В аэропорт прибыли задолго до прилета самолета. Оттой сгрузил с нарты рюкзак ветеринара и протянул ему на прощание руку.
— Нет! — резко сказал Андрей. — Пошли в буфет, выпьем по стакану чаю.
В буфете Андрей сам принес чай, пирожки и сел напротив Оттоя.
— А теперь скажи мне прямо, чем я тебе не угодил? Может, я тебя обидел или твоих родичей? Могло и такое случиться: ведь я еще не знаю всех ваших обычаев… Скажи мне, я не обижусь. Наоборот, скажу тебе спасибо.
— Да ничего такого нет, — просто ответил Оттой. — Все было очень хорошо. В стойбище вы всем понравились.
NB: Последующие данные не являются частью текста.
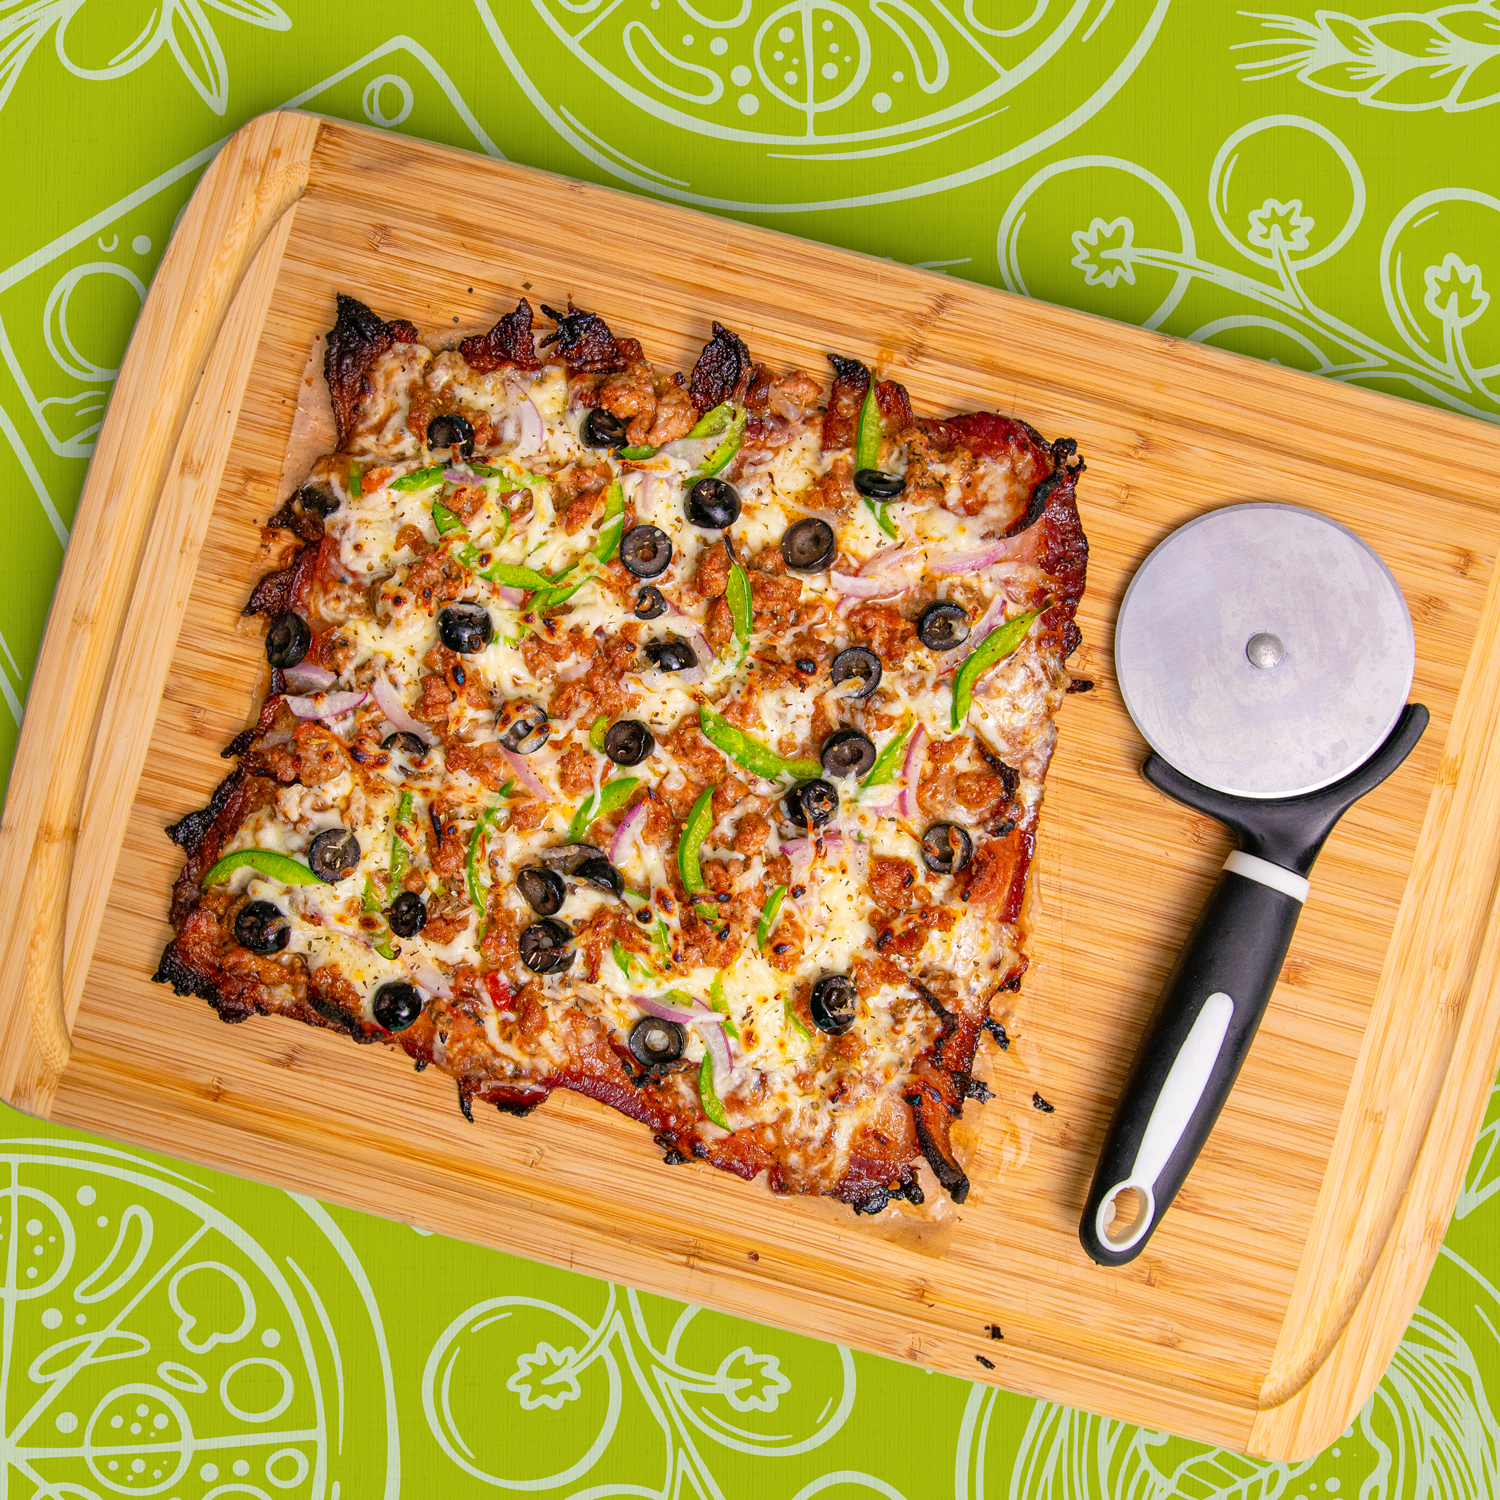 A savory flatbread pizza with cheese, fresh olives, and crunchy green peppers
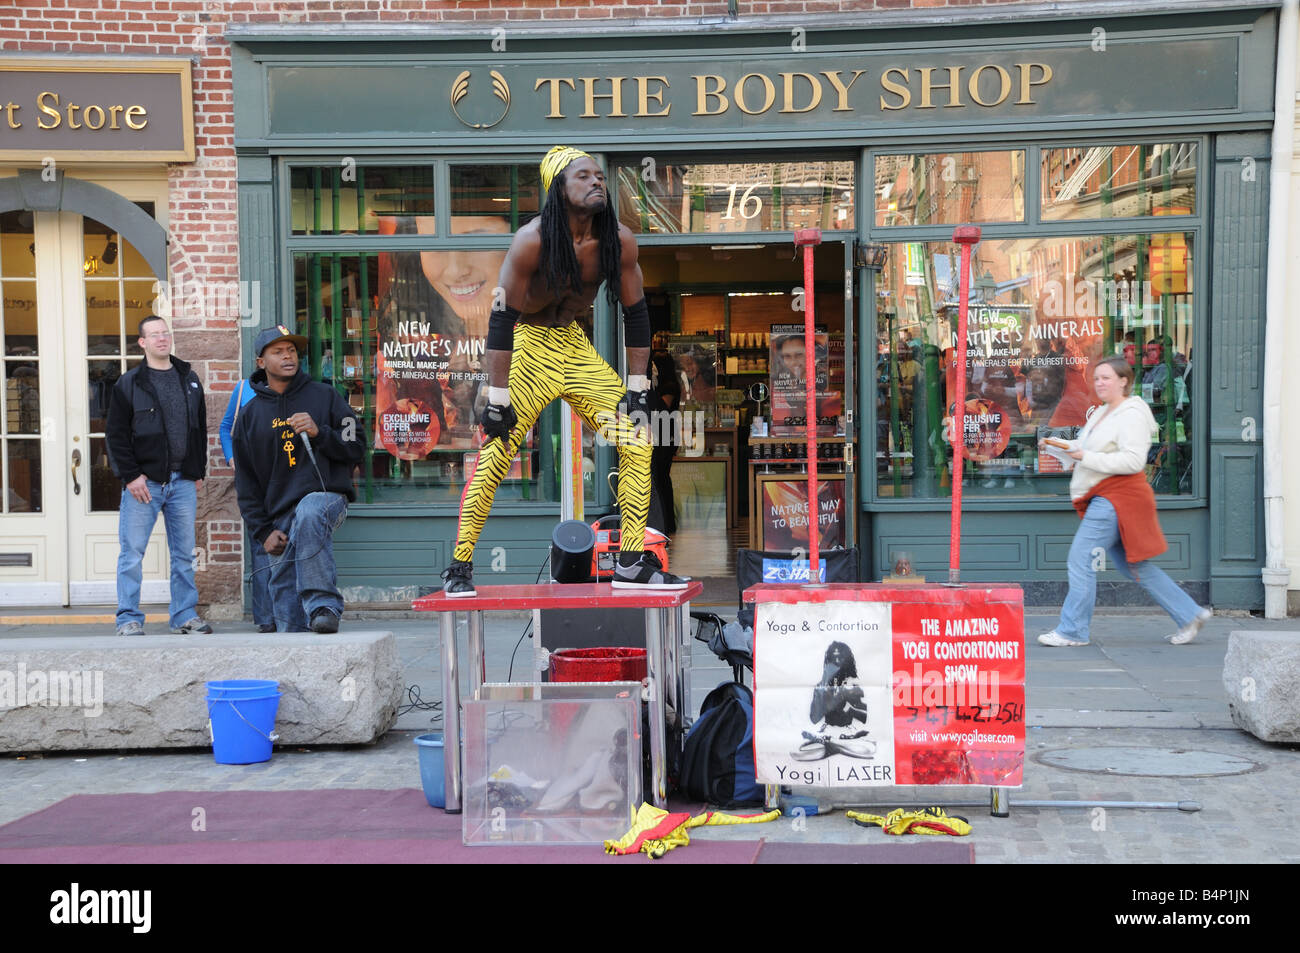 Yogi Laser, a street performer in the South Street Seaport in Lower  Manhattan Stock Photo - Alamy

Тутай жалел, что вы так скоро уезжаете.
— Ну, а почему ты тогда всю дорогу молчал, словно немой? Может, у тебя какая-нибудь обида на меня?
— Да нет же! — горячо возразил Оттой. — Просто я… просто я хотел сделать вам приятное.
— Сделать приятное? Ничего не понимаю!
— Я хотел подарить вам молчание… Тишину… Долгое молчание…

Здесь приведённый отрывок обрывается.